◆ Task to carry out
Please repeat the whole listing exactly, but leave the pictures out.

◆ Available data
————
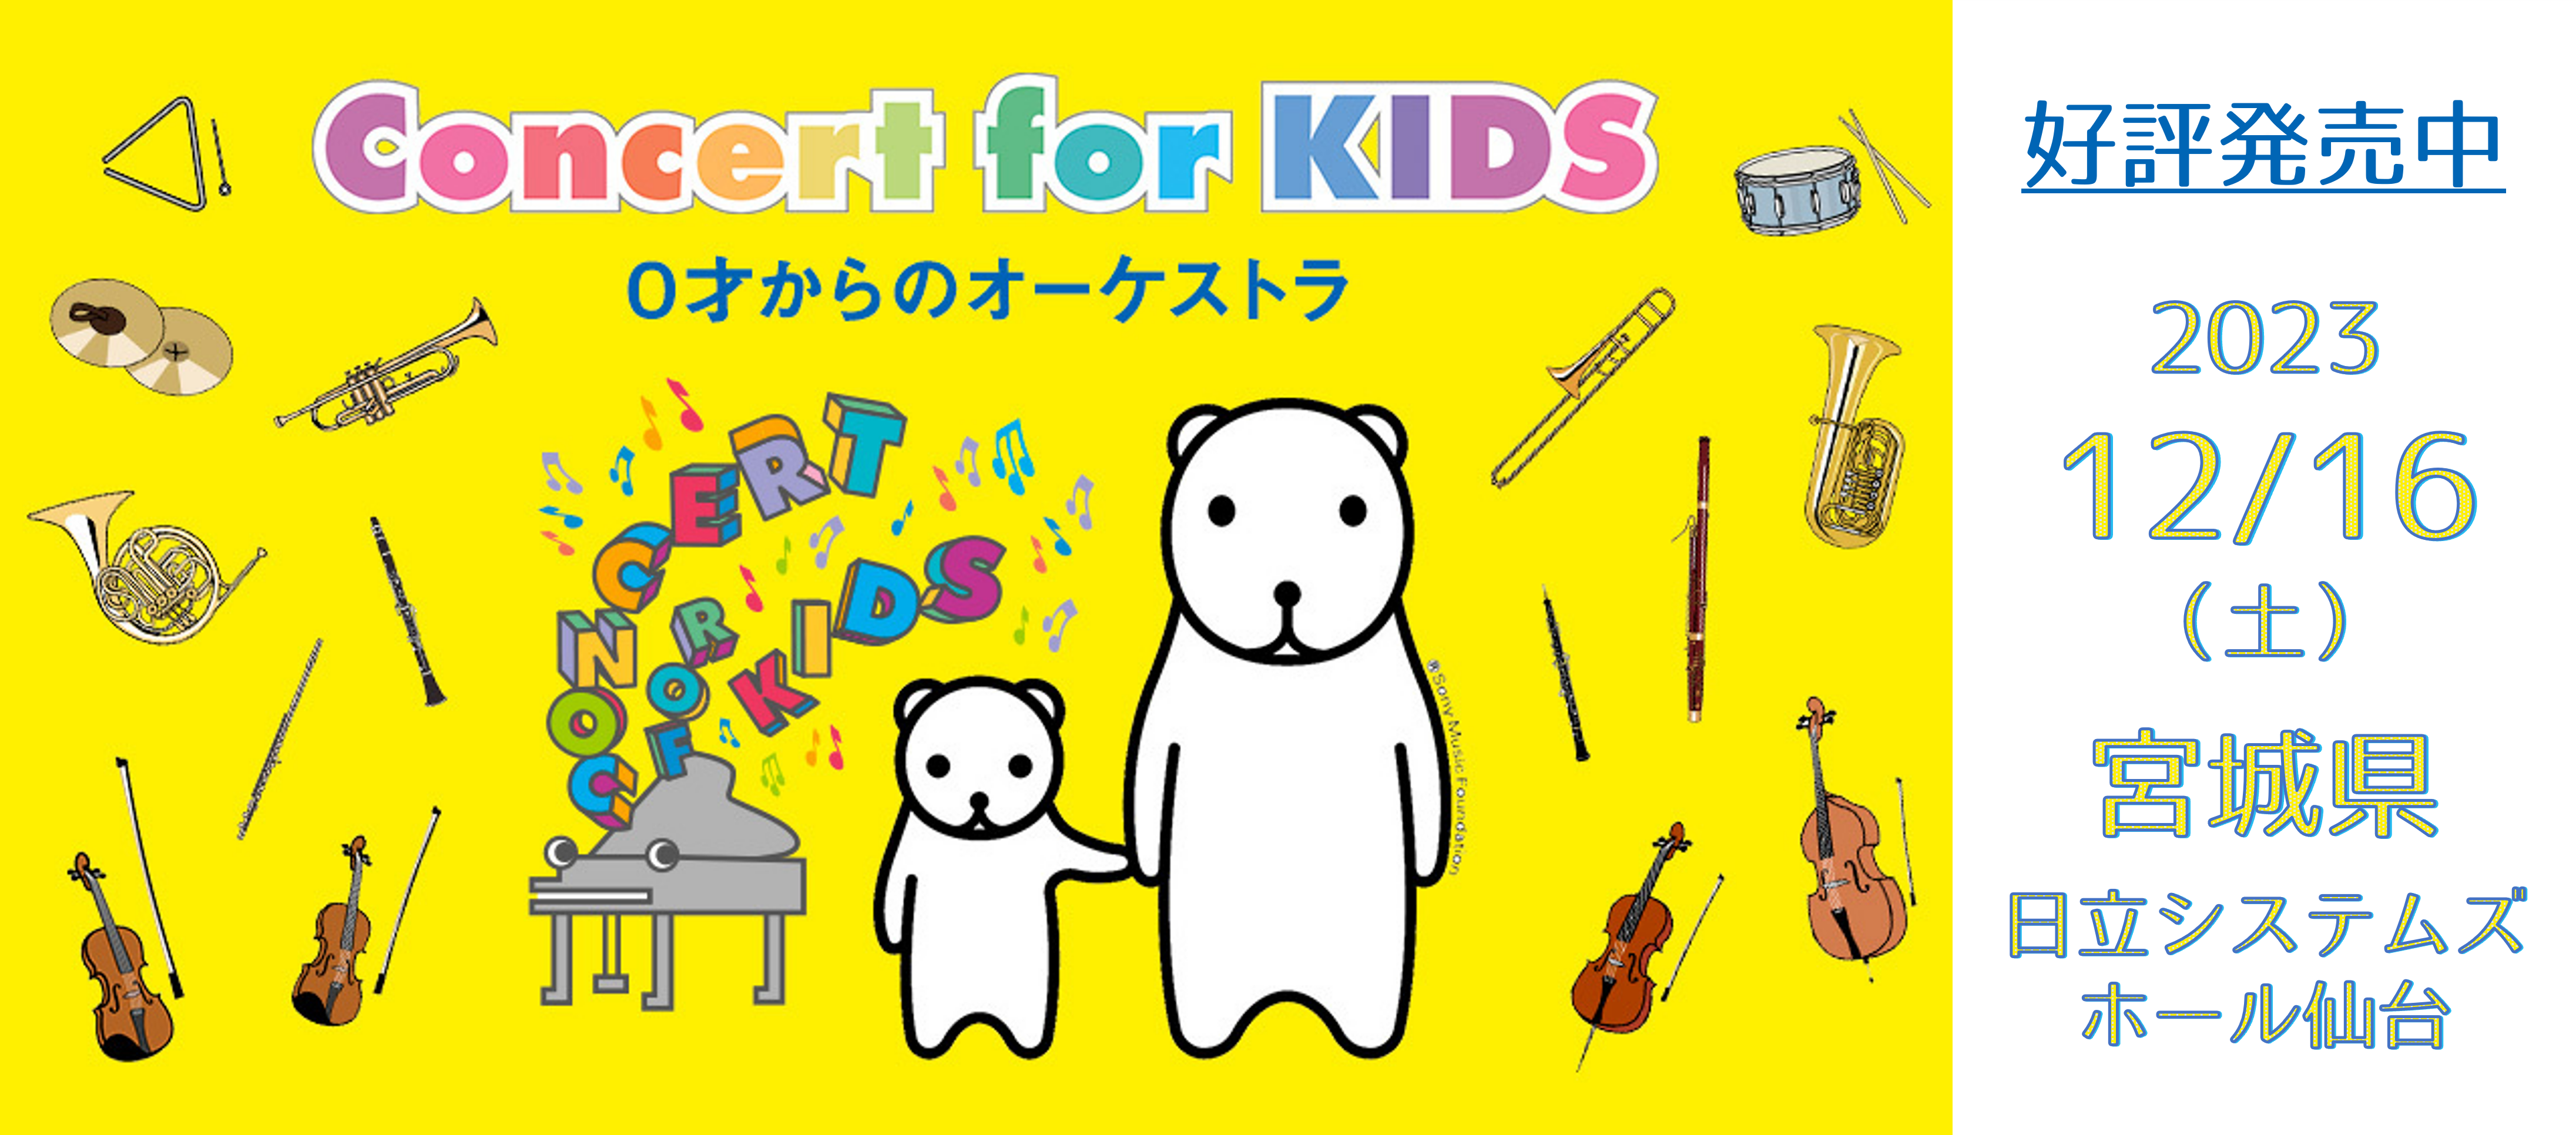 Concert for KIDS 0才からのオーケストラ
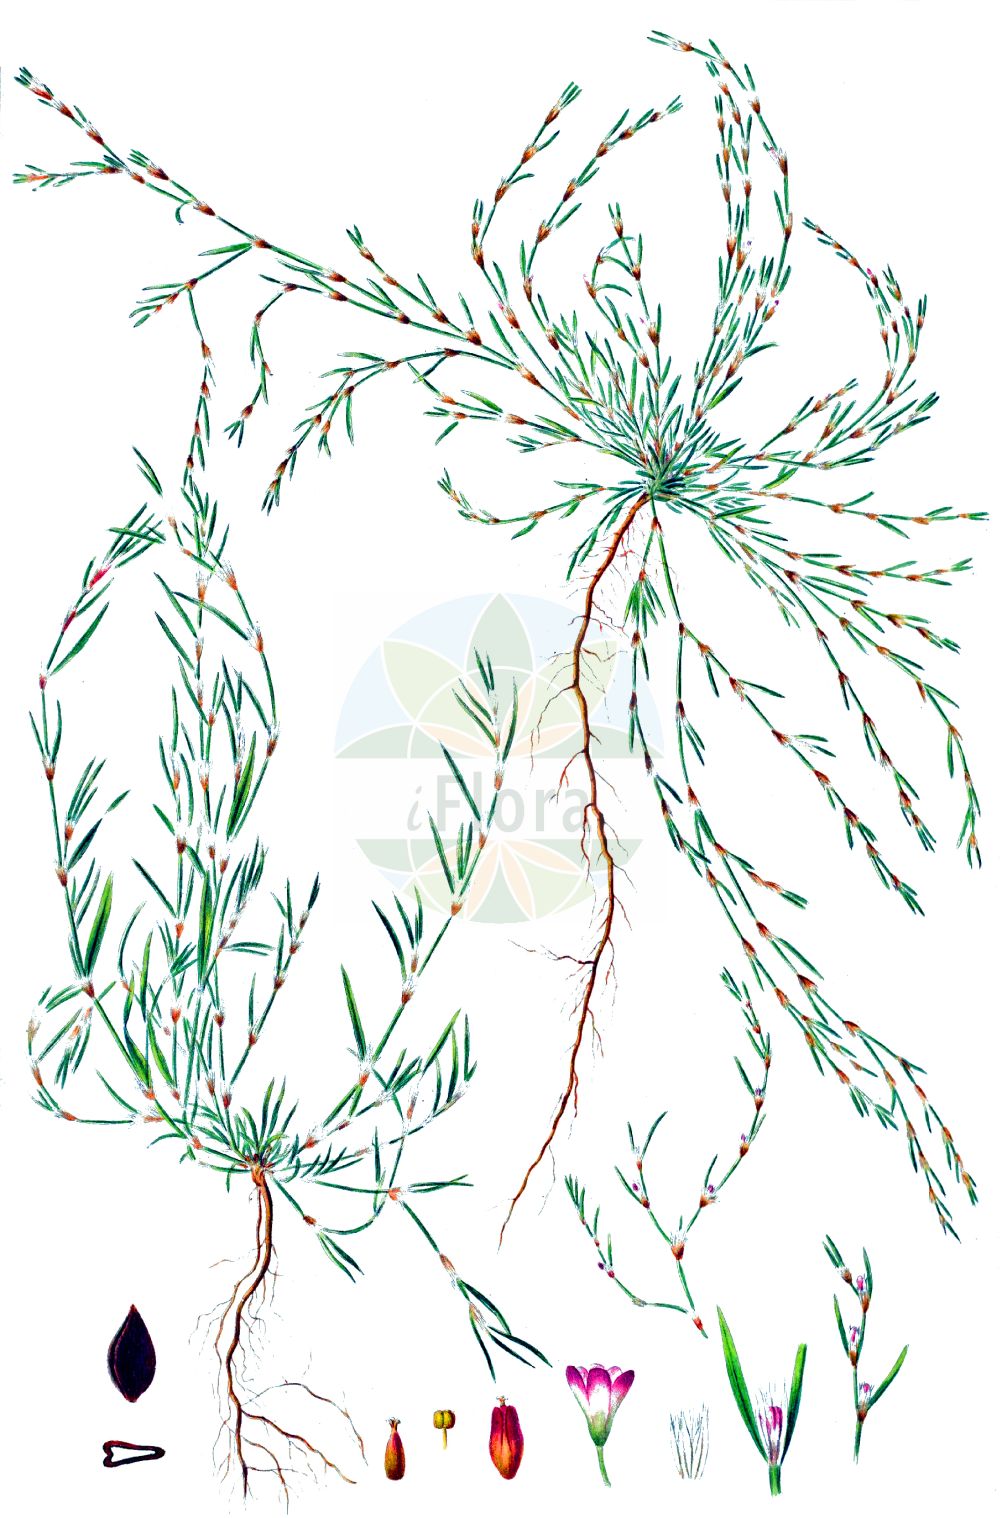 Historische Abbildung von Polygonum aviculare (Echter Vogelknöterich - Knotgrass). Das Bild zeigt Blatt, Bluete, Frucht und Same. ---- Historical Drawing of Polygonum aviculare (Echter Vogelknöterich - Knotgrass). The image is showing leaf, flower, fruit and seed.(Polygonum aviculare,Echter Vogelknöterich,Knotgrass,Polygonum aviculare,Polygonum dissitiflorum,Polygonum erectum,Polygonum gracile,Polygonum heterophyllum,Polygonum litorale,Echter Vogelknoeterich,Vogel-Knoeterich,Knotgrass,Common Knotweed,Polygonum,Knöterich,Knotgrass,Polygonaceae,Knöterichgewächse,Knotgrass family,Blatt,Bluete,Frucht,Same,leaf,flower,fruit,seed,Oeder (1761-1883))
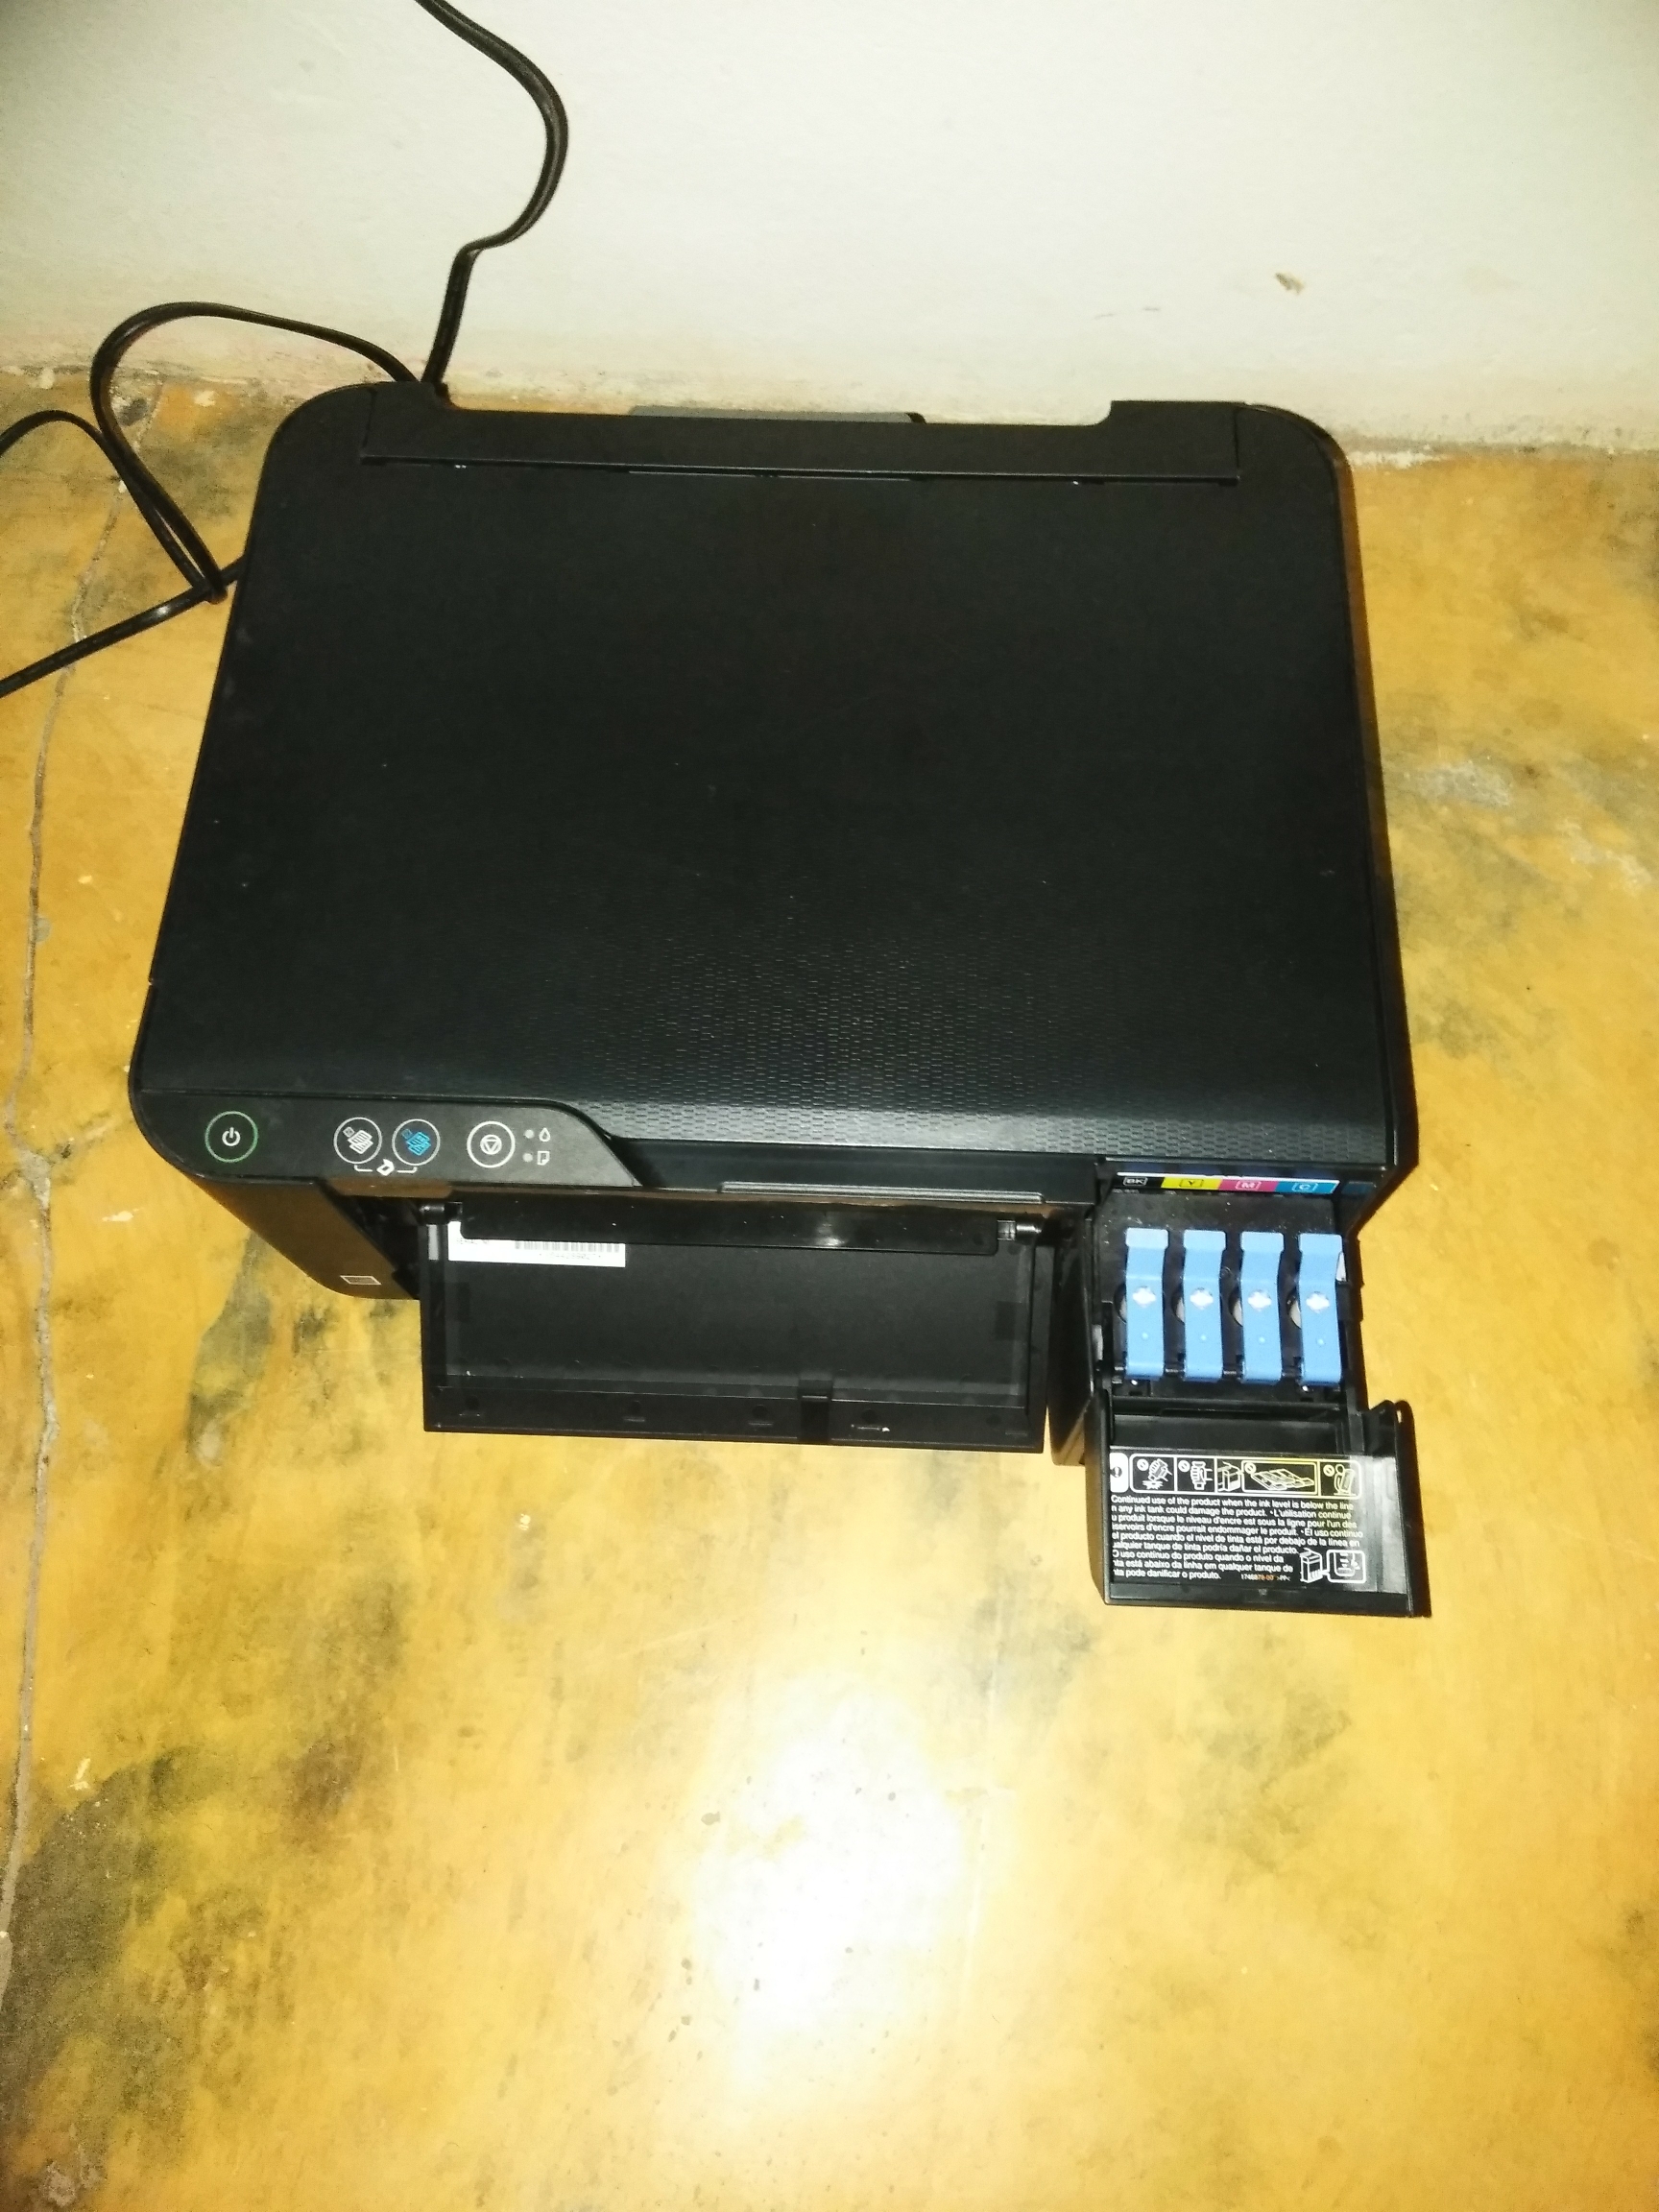 impresoras y scanners - Vendo impresora Epson 3110 en condiciones muy buena con solo 5 meses de uso
————
◆ Solution to this exercise
 Concert for KIDS 0才からのオーケストラ
 Historische Abbildung von Polygonum aviculare (Echter Vogelknöterich - Knotgrass). Das Bild zeigt Blatt, Bluete, Frucht und Same. ---- Historical Drawing of Polygonum aviculare (Echter Vogelknöterich - Knotgrass). The image is showing leaf, flower, fruit and seed.(Polygonum aviculare,Echter Vogelknöterich,Knotgrass,Polygonum aviculare,Polygonum dissitiflorum,Polygonum erectum,Polygonum gracile,Polygonum heterophyllum,Polygonum litorale,Echter Vogelknoeterich,Vogel-Knoeterich,Knotgrass,Common Knotweed,Polygonum,Knöterich,Knotgrass,Polygonaceae,Knöterichgewächse,Knotgrass family,Blatt,Bluete,Frucht,Same,leaf,flower,fruit,seed,Oeder (1761-1883))
 impresoras y scanners - Vendo impresora Epson 3110 en condiciones muy buena con solo 5 meses de uso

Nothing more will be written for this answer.